- **WORK TO COMPLETE**: Word for word, reproduce the listing that follows, excluding any pictures it contains.

- **DATASET CONTENT**:
-=-=-
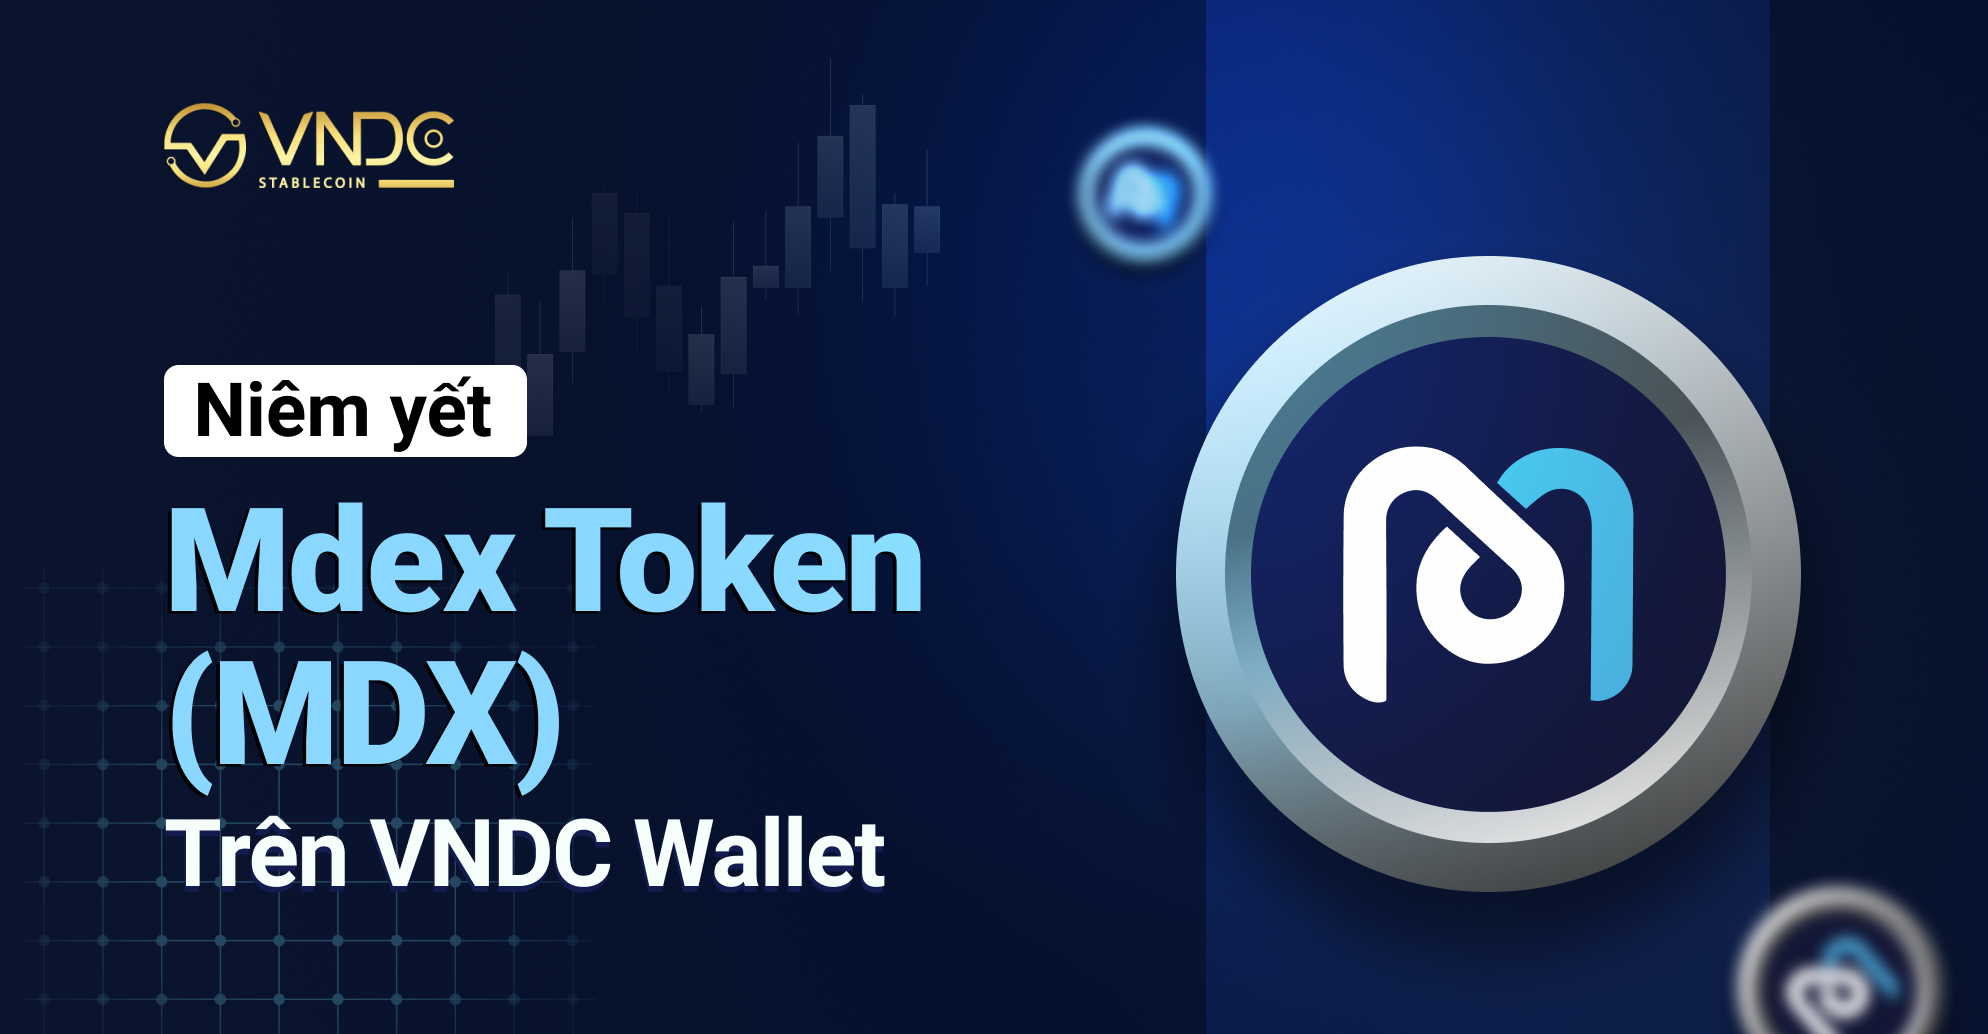 Niêm yết Mdex Token (MDX) trên VNDC Wallet
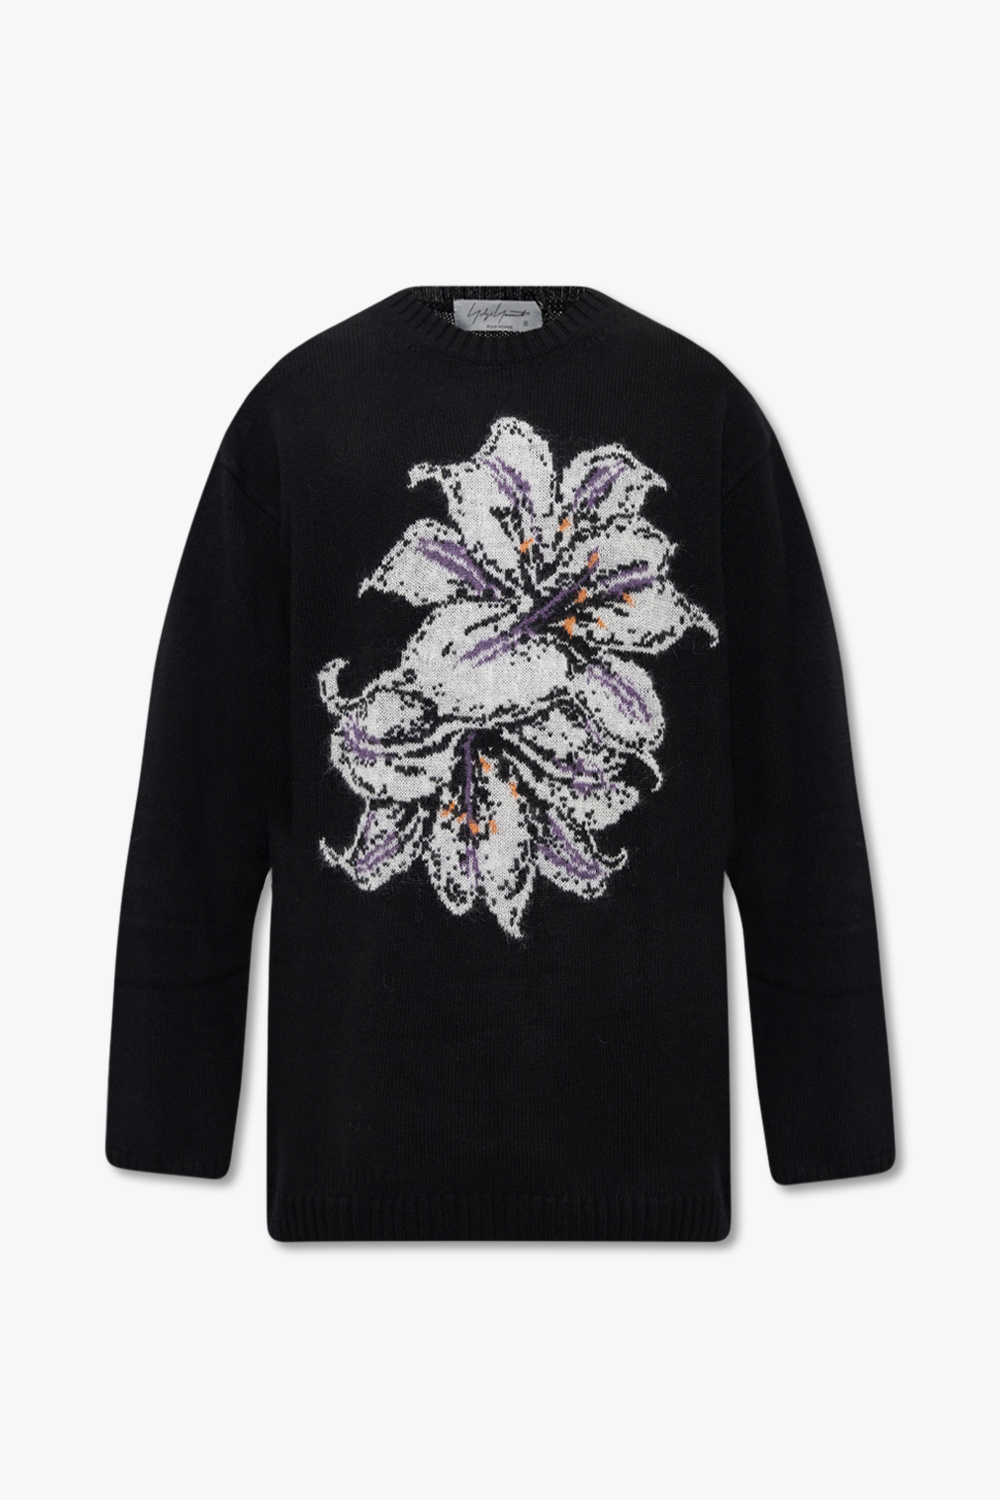 SchaferandweinerShops GB - Sweater with floral motif Yohji Yamamoto -  Sweatshirt dinspiration rétro
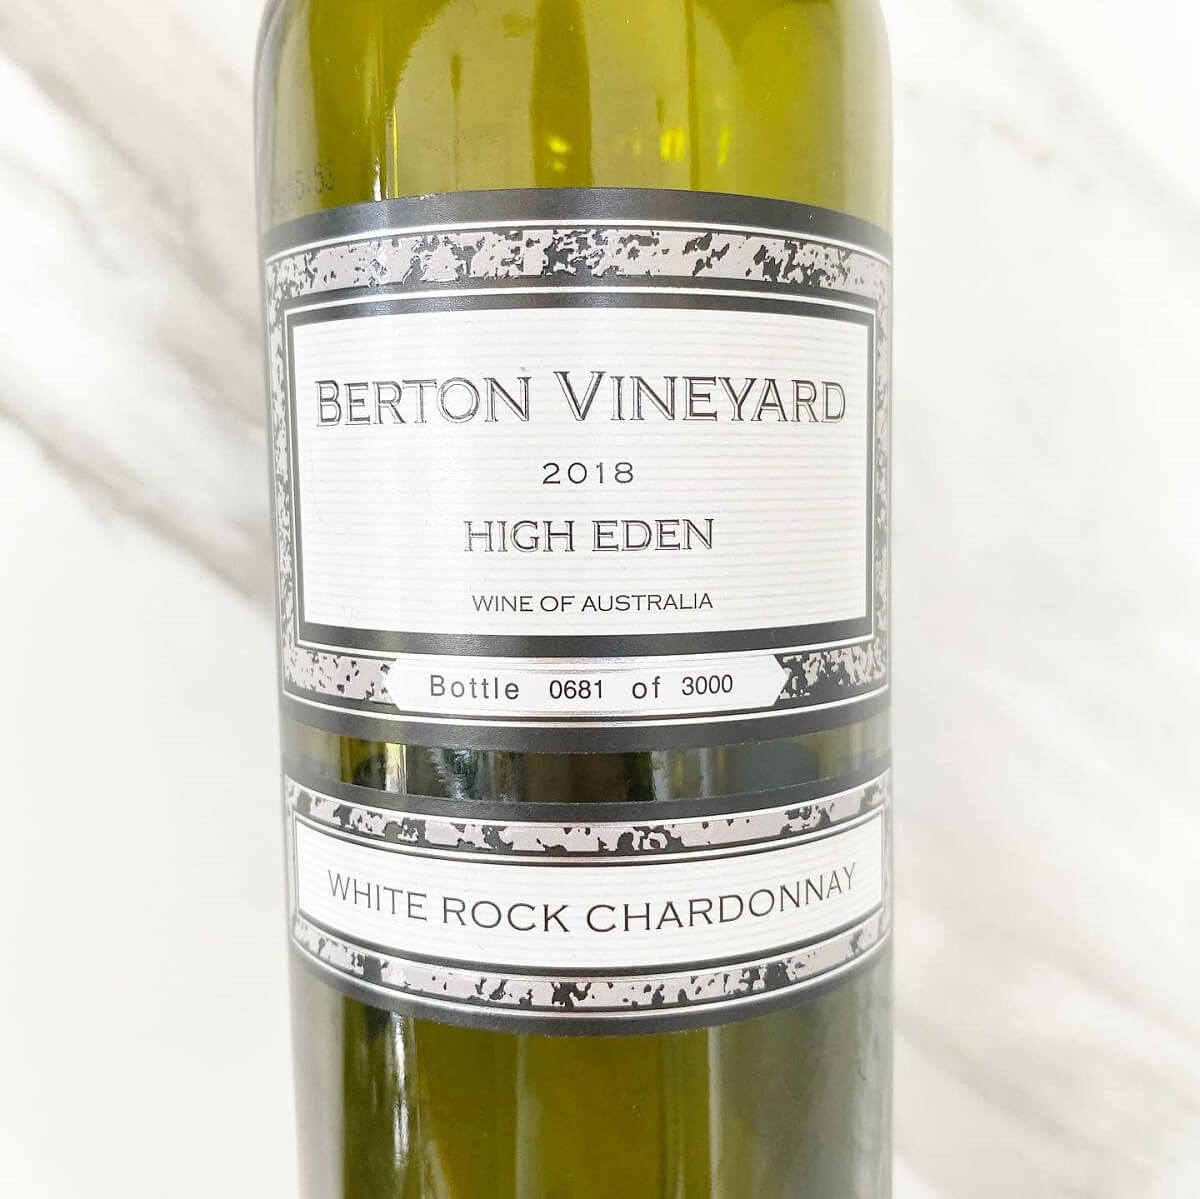 Berton Vineyard 2018 High Eden ‘White Rock’ Chardonnay
-=-=-
- **ANSWER TO THIS EXERCISE**:
 Niêm yết Mdex Token (MDX) trên VNDC Wallet
 SchaferandweinerShops GB - Sweater with floral motif Yohji Yamamoto -  Sweatshirt dinspiration rétro
 Berton Vineyard 2018 High Eden ‘White Rock’ Chardonnay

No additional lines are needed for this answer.